In the case of non-cooperation by the taxpayer, GAZT has the right to request other competent authorities to oblige the natural or corporate persons to provide the required information. If GAZT is not able to obtain the required information, GAZT has right to raise a tax assessment on the taxpayer at its discretion and as it deems appropriate based on the information available.

All persons, natural or corporate, taxpayers or non-taxpayers, including charity and endowment organizations, public corporations and associations and government agencies, shall provide GAZT with the following:

  • The requested information concerning the implementation of the provisions of the Tax law and effective international tax agreements.
  • Information on the contracts entered with the private sector (excluding contracts with a value of less than SR100,000) and any amendments thereto within three months of the date of signing.
  • Notify GAZT within 30 days of the date of ceasing execution of a contract.
  • A copy of the contract if GAZT requests it.

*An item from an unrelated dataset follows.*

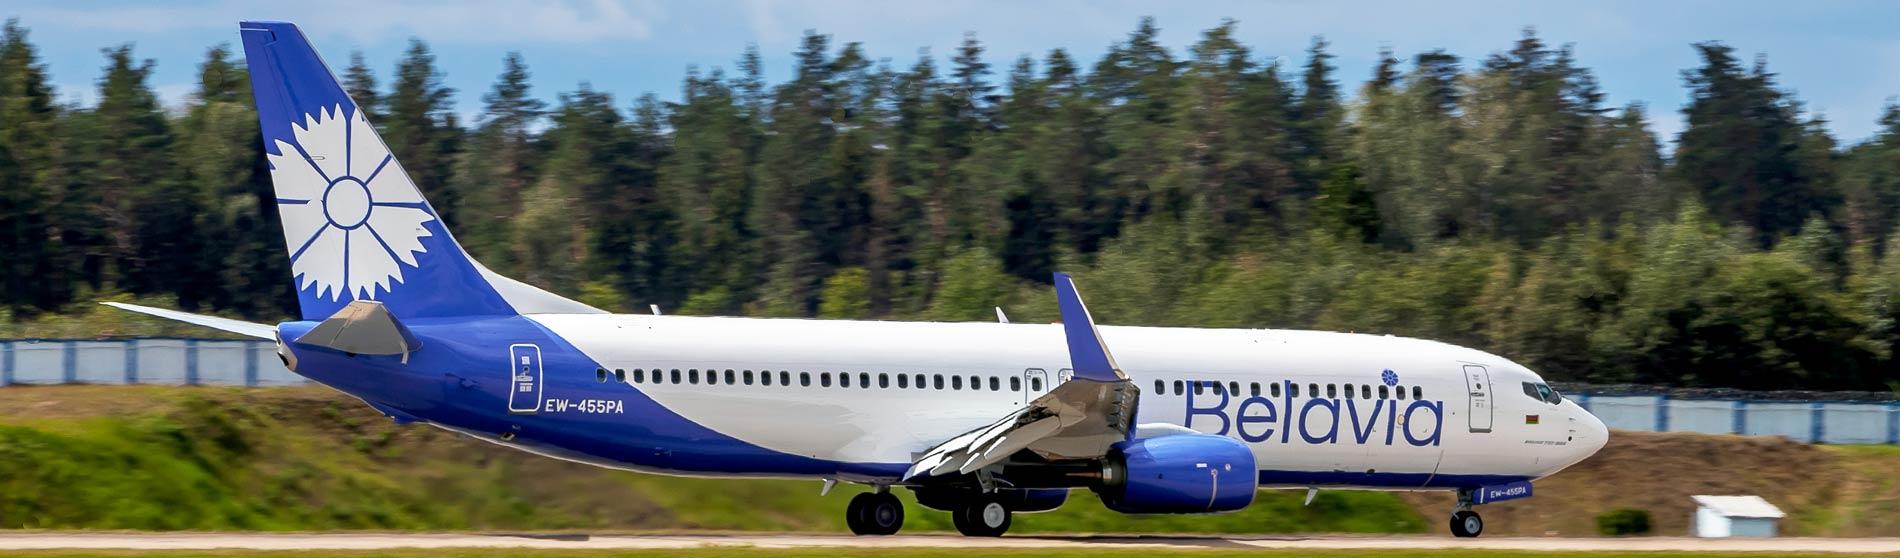 Купить авиабилеты астана-минск белавиа билеты на самолет нижнекамск-москва

Each party breaching its obligations with respect to the above requirements shall be jointly liable with the taxpayer for any tax claim or fines arising therefrom.

Effective date

The amendment to the By-laws is effective immediately subject to the date of applicability of the amended provisions of Tax Laws by Royal Decree No (M/131) dated 29/12/1438 AH (September 20, 2017).

The takeaway

There is some clarity required from GAZT on the above key changes especially on the application of the indirect ownership up to the ‘second level’ and whether the tax neutral intra-group transfer of assets would include cross border transactions.

Furthermore, given the GAZT’s focus on broadening its tax and zakat base and ensure full compliance, we recommend that clients ensure that contract reporting obligations are met to avoid any adverse implications in the event of non-compliance.